Dungeon Plunder melds some common traits of roguelikes with the universally-understood gameplay mechanics of a slot machine. The game is framed by an overworld consisting of typical RPG environments like grasslands, deserts, and ice fields. Stationary enemies are scattered across the landscape and when contacted will initiate a battle with the player (more on that later). Although there’s not much in the way of direction for the player, it’s easily understood to keep fighting and following the main path. Stores are strategically placed for the player to purchase combat equipment and to sell off any loot picked up. There are also stations set up that challenge the player to kill x number of a certain enemy type. Successfully completing that quest and returning to the station will earn the player a large experience and money boost. Dungeons can also be found which often contain a larger amount of loot being guarded by tightly-grouped enemies.
I didn’t actually find the overworld very interesting. Even though the game technically has a story, it’s definitely not a driving force. The quests – although beneficial to the player – don’t really do anything to develop the world and the people within it. Even though it’s understood that everything’s gone to ruin, the lack of people and interactions make the world feel like an empty shell. The music, however, does add a bit of atmosphere and the developers have seen fit to offer the soundtrack separately through iTunes.

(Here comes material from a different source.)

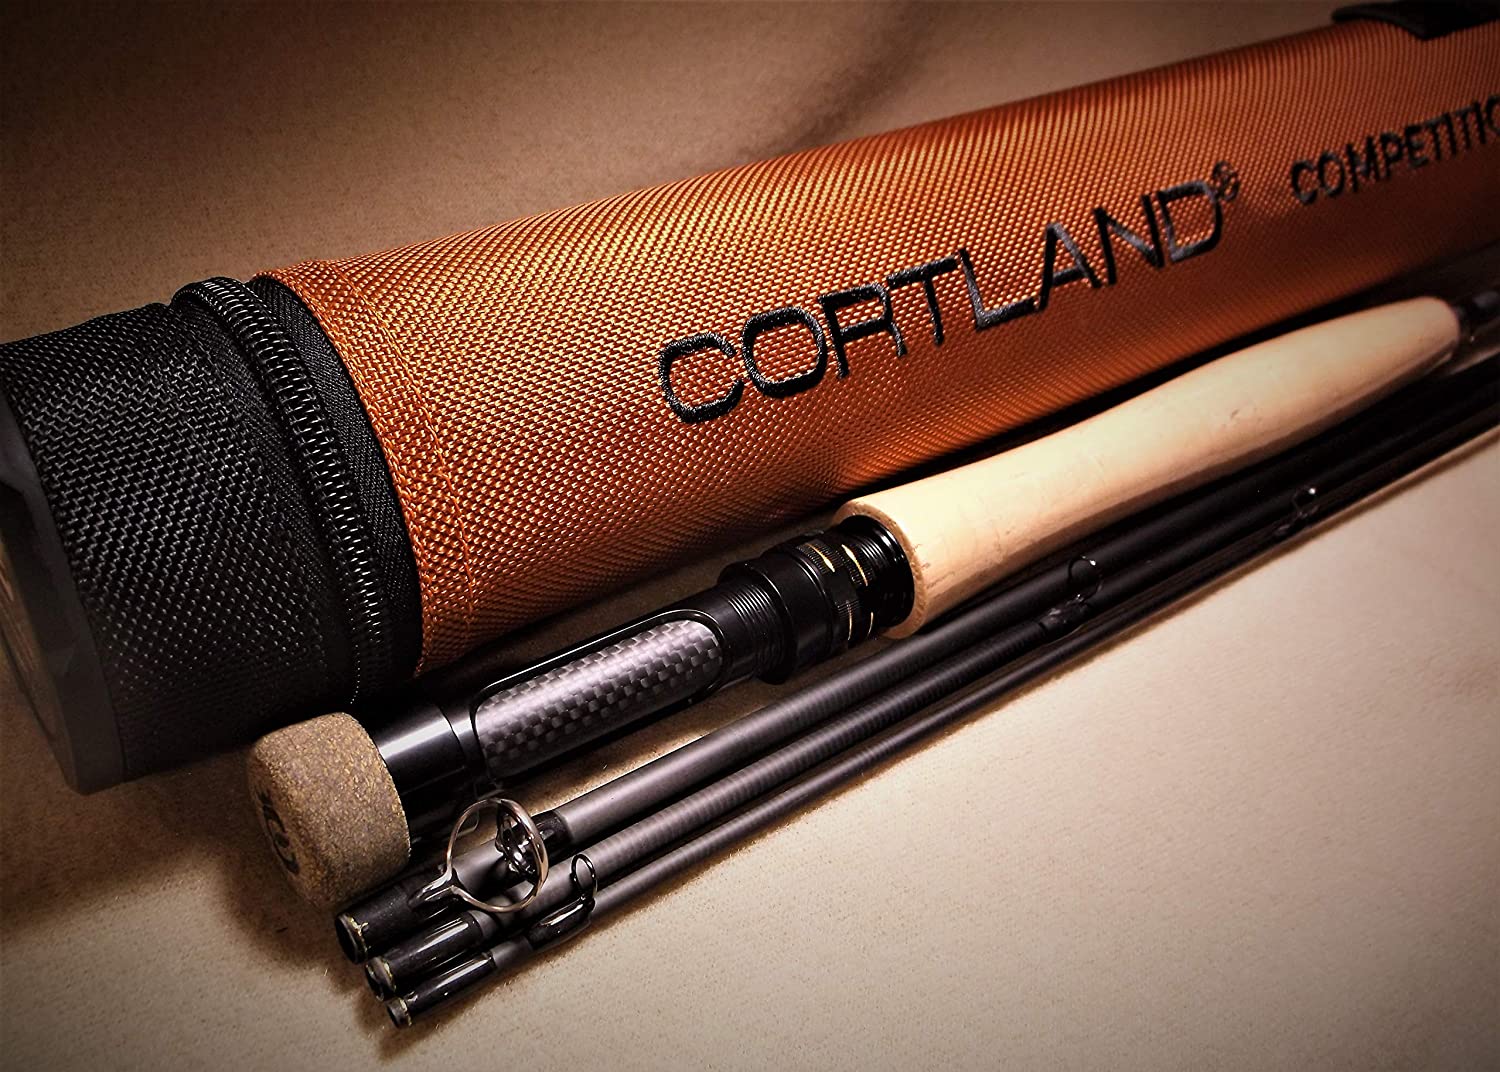 Cortland Competition Nymph MK2 10' #2

What will keep the player coming back is the addictive nature of the game’s combat system. There are the usual staples of an RPG fight like hit points and defense that need to be considered at all times. How the fight is conducted is anything but conventional. There’s a five-reel slot machine, and each round the player can spin the reels twice. The images that appear represent attacks, defensive bonuses, money, and other boosts. In between spins, the player can lock as many of the reels as he or she wishes before spinning the others. The more of the same image that appear, the higher the benefit received for that attribute. It’s also possible to receive multiple boosts in a single round. At the end of each round, the enemy gets their chance to attack. Most of their moves are simple physical attacks that may or may not be partially blocked depending on the player’s stats. Thankfully, version 1.15 of the game recently added special abilities to the enemies to add some diversity. The idea of repeatedly playing a slot machine might not sound interesting to those who aren’t compulsive gamblers, but the strategic appeal is taken to new heights when the player’s character class is taken into account.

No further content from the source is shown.